David Goldblatt, Dutch Reformed Church. Quelerina, Johannesburg, Transvaal. 3 November 1986. Courtesy of the artist and Goodman Gallery.

David Goldblatt, The Jerusalem Apostolic Church in Zion. Melrose Bird Sanctuary, Johannesburg, Transvaal. 31 December 1987. Courtesy of the artist and Goodman Gallery.

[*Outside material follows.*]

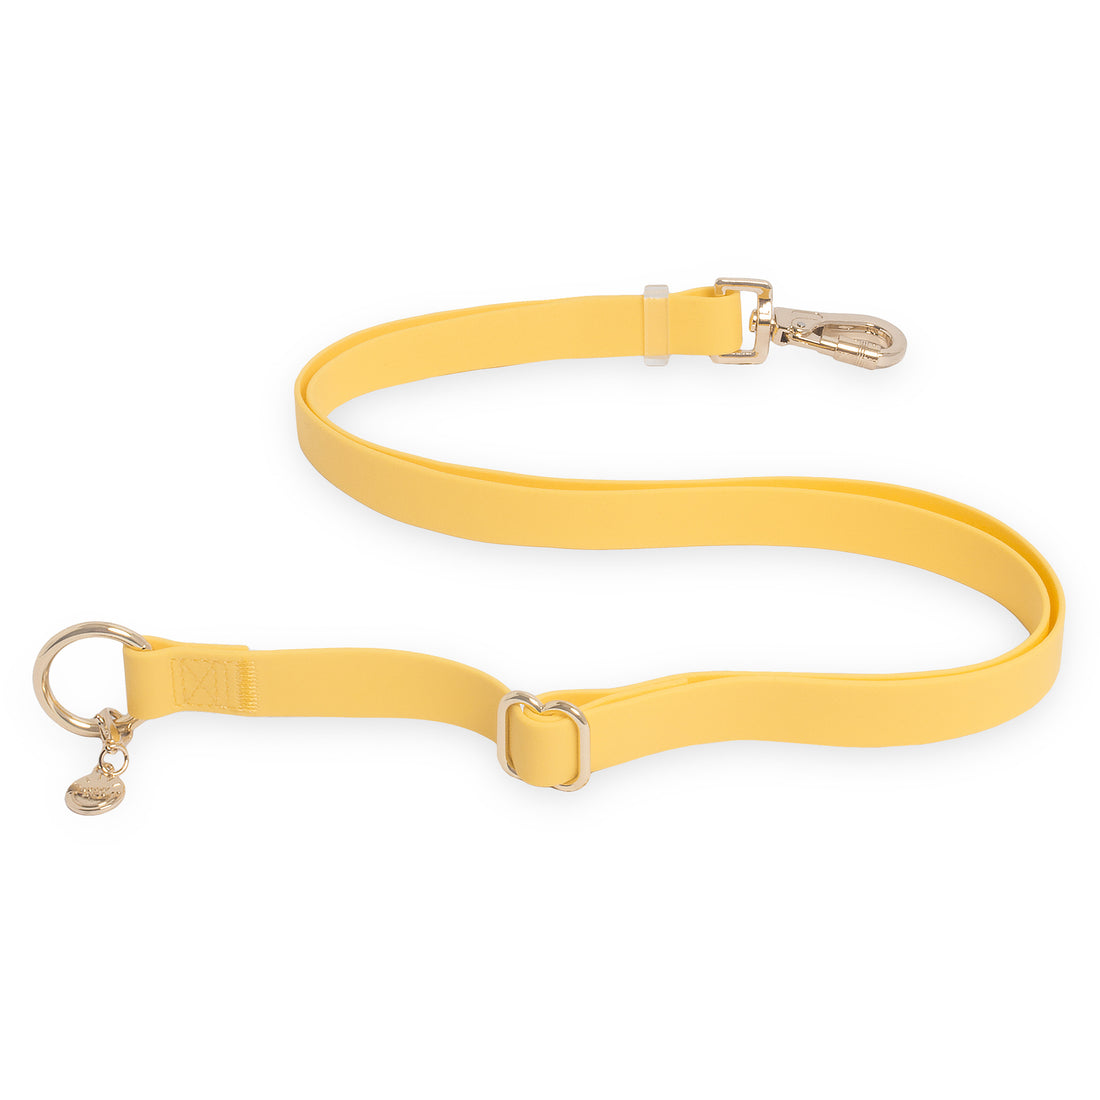 Dandelion Yellow Cloud Leash 4-Way Extension 3/4" | Leash Connector | Extend Leash, Walk 2 Dogs, or Add a Traffic Handle
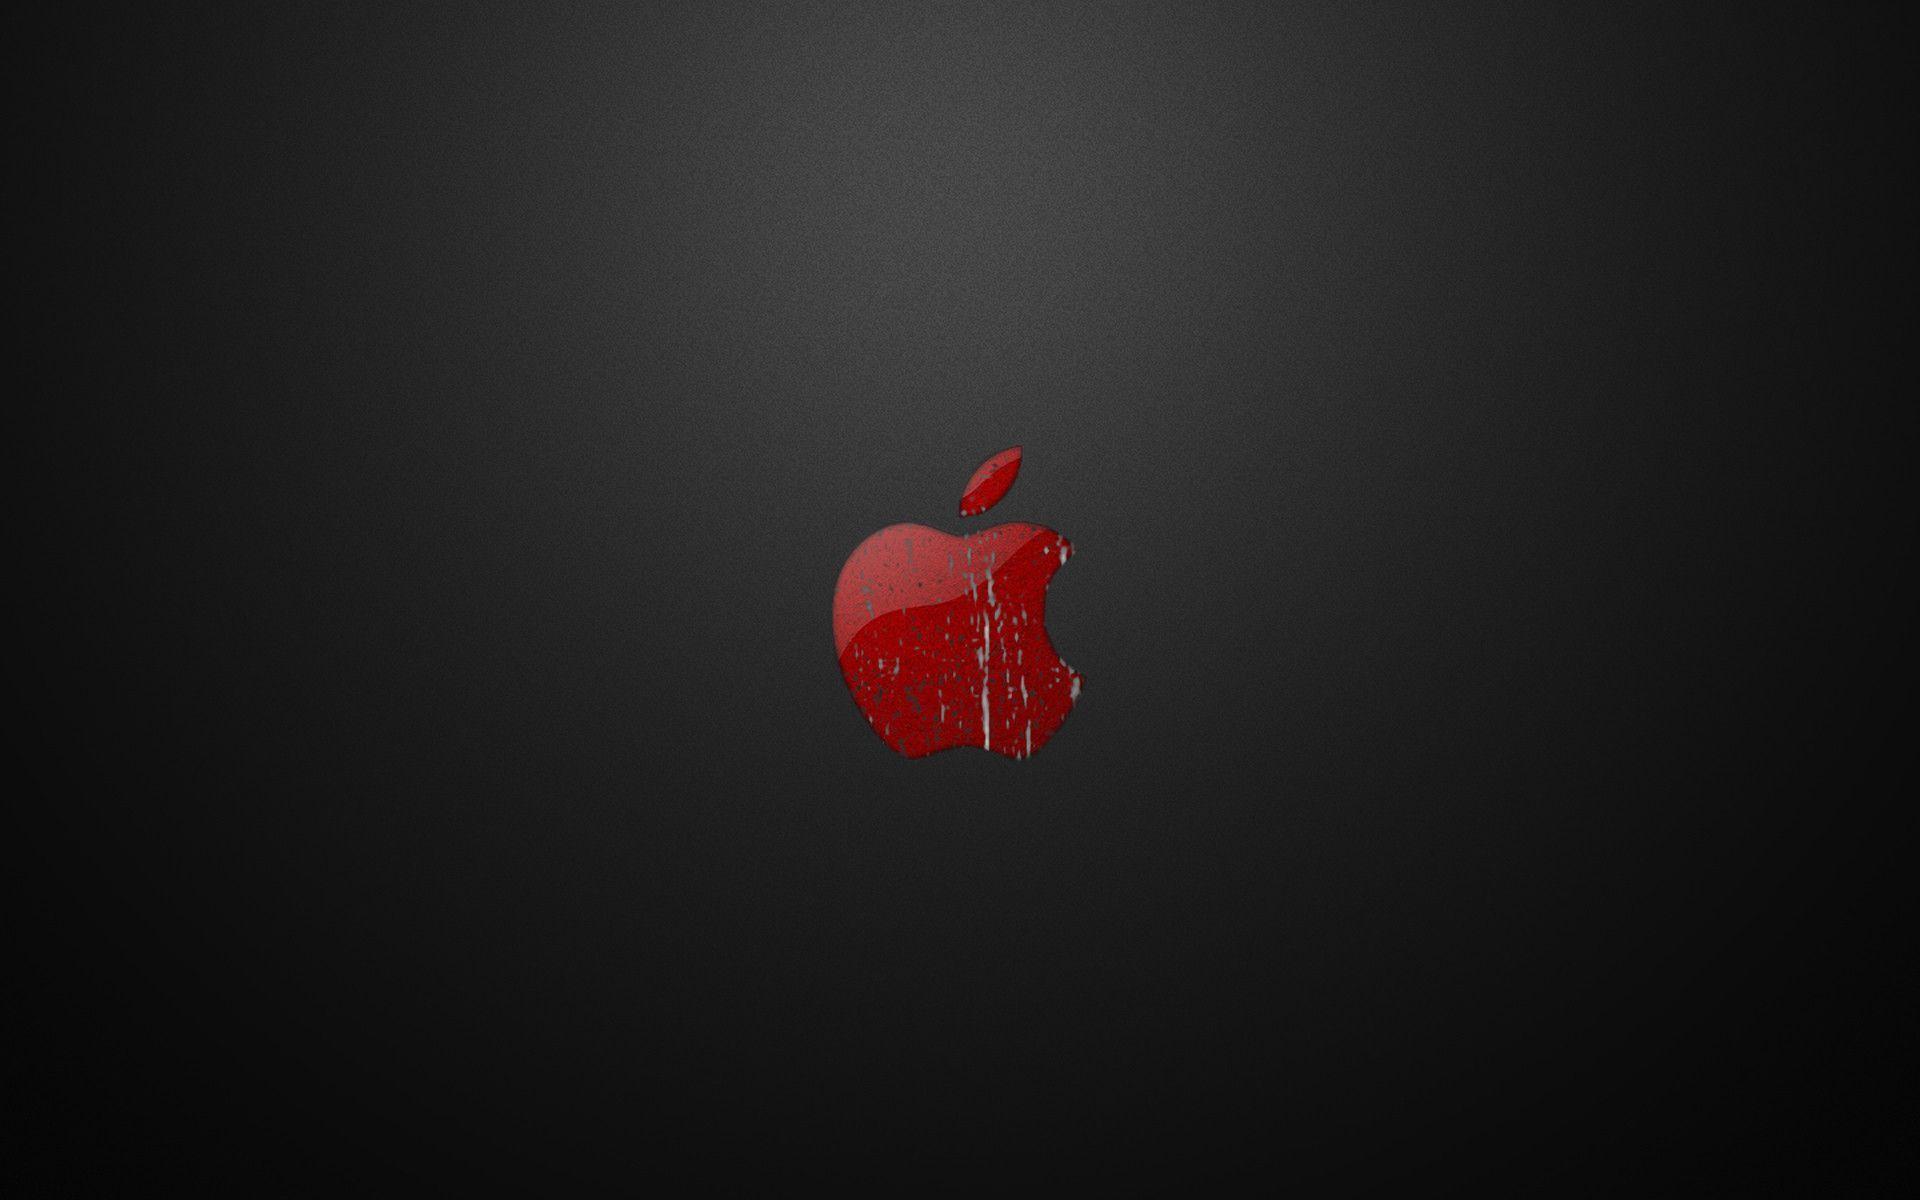 image For > Red Apple Background

Presented in this slipstream of withdrawal, the photographs of Avenue Patrice Lumumba tend to turn in on themselves to reveal the instability of our own readings. Take High School, Athénée Royal, Lubumbashi, Democratic Republic of the Congo (2007), where a group of nattily dressed teens chat in front of a hulking edifice, a concrete monster of a school with zigzagged teeth for windows. In such an image, Tillim scrapes away at the stereotypes of the postcolonial African city, mining the cryptic silence of peeling time to pose questions about the assumptions we make about blown-out school windows like this; or decrepit buildings; or fallen monuments. Ruins in the making rise before us throughout this series, but they are hardly picturesque. Rather, they present as defiant: spectral lesions of past conflicts among which the living circulate. And if the source of the wreckage is left provocatively open, so too are judgments about the persistence of these scars in the city. Indeed, whether this dilapidated school – and other structures of the series – gesture to the decay of the present or the final withering of the colonial past; whether they reveal the failed utopianism of the 1960s or the repetition of violent histories remains uncomfortably ambiguous.

Athénée Royal High School, Lubumbashi, DR Congo, 2007
©Guy Tillim. Courtesy of STEVENSON, Cape Town and Johannesburg.